Norway has become the first nation to prohibit deforestation. It was in 2016, that the Norwegian parliament first vowed to revise the government’s public procurement policy whereby any product that leads to deforestation will not be used in the country.
The pledge was recommended by Norwegian Parliament’s Standing Committee on Energy and Environment as part of the Action Plan on Nature Diversity.
“This is an important victory in the fight to protect the rainforest,” Nils Hermann Ranum, head of policy and campaign at Rainforest Foundation Norway said in a statement.
“Over the last few years, a number of companies have committed to cease the procurement of goods that can be linked to destruction of the rainforest. Until now, this has not been matched by similar commitments from governments. Thus, it is highly positive that the Norwegian state is now following suit and making the same demands when it comes to public procurements.”
Ranum added “Other countries should follow Norway’s leadership, and adopt similar zero deforestation commitments. In particular, Germany and the U.K must act, following their joint statement at the U.N Climate Summit.”
Norway has been funding several projects around the globe to protect the rain forest.
The country granted $250 million to protect Guyana’s forest over a four year period from 2011 to 2015. In 2015, Norway gave $1 billion to Brazil for completing a 2008 deforestation agreement.

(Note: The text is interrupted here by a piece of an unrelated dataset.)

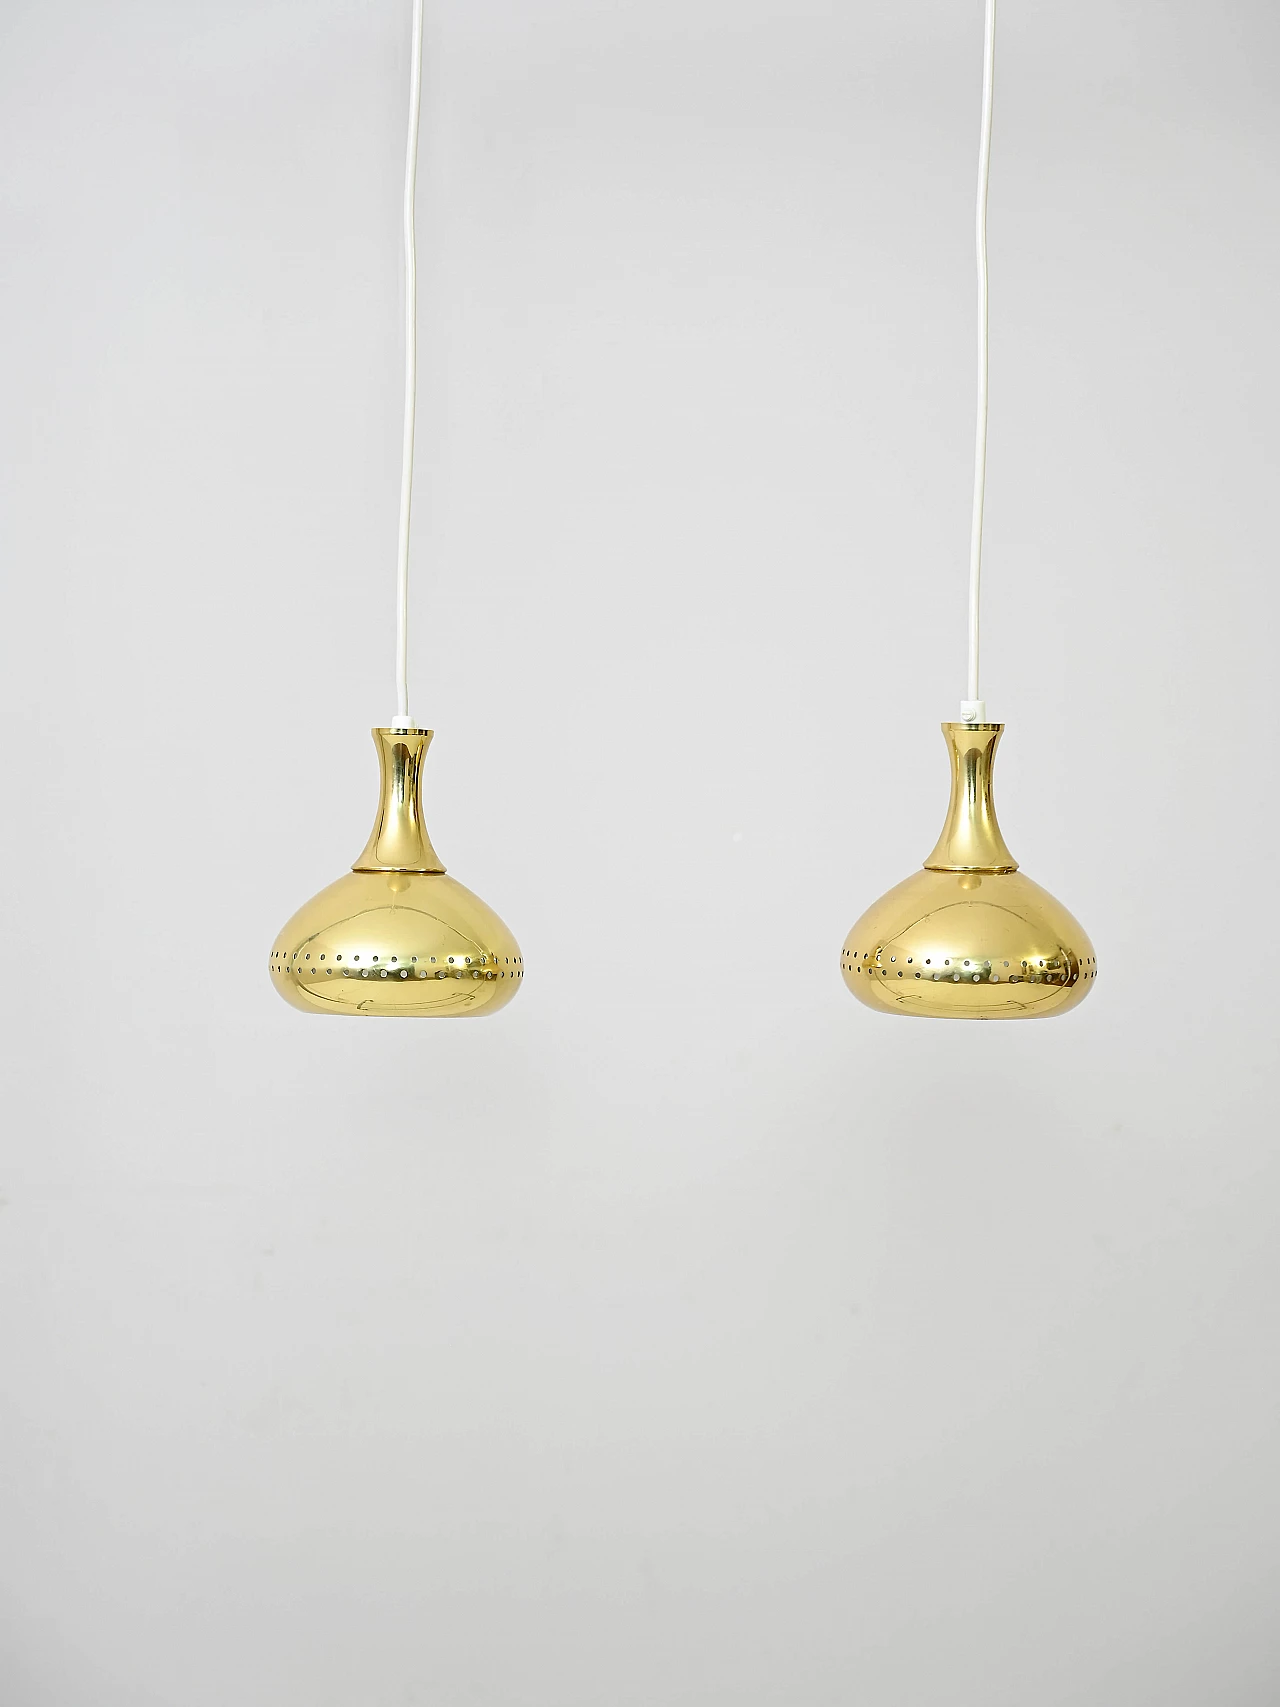 Pair of brass pendant lamps by Hans-Agne Jakobsson for Markaryd, 1950s 1

Norway also partnered with Liberia by promising to pay $150 million until 2020 for the country to stop deforestation.
According to the United Nations, the production of palm oil, soy, beef and lumber products contributed to almost half of the total tropical deforestation.
When forests are cleared and set in flames carbon dioxide is released which is the key contributor the greenhouse gas effect that leads to climate change.
Norway’s current environment minster Ola Elvestuen said ““Norway alone can never stop deforestation. I mean, we are one actor. If we look at the programs we have country by country, I have no problem defending what we are doing and saying that it was the right thing to go into this and try to be in front. No matter how odd that it may have seemed that Norway would try to take this role, back ten years ago.”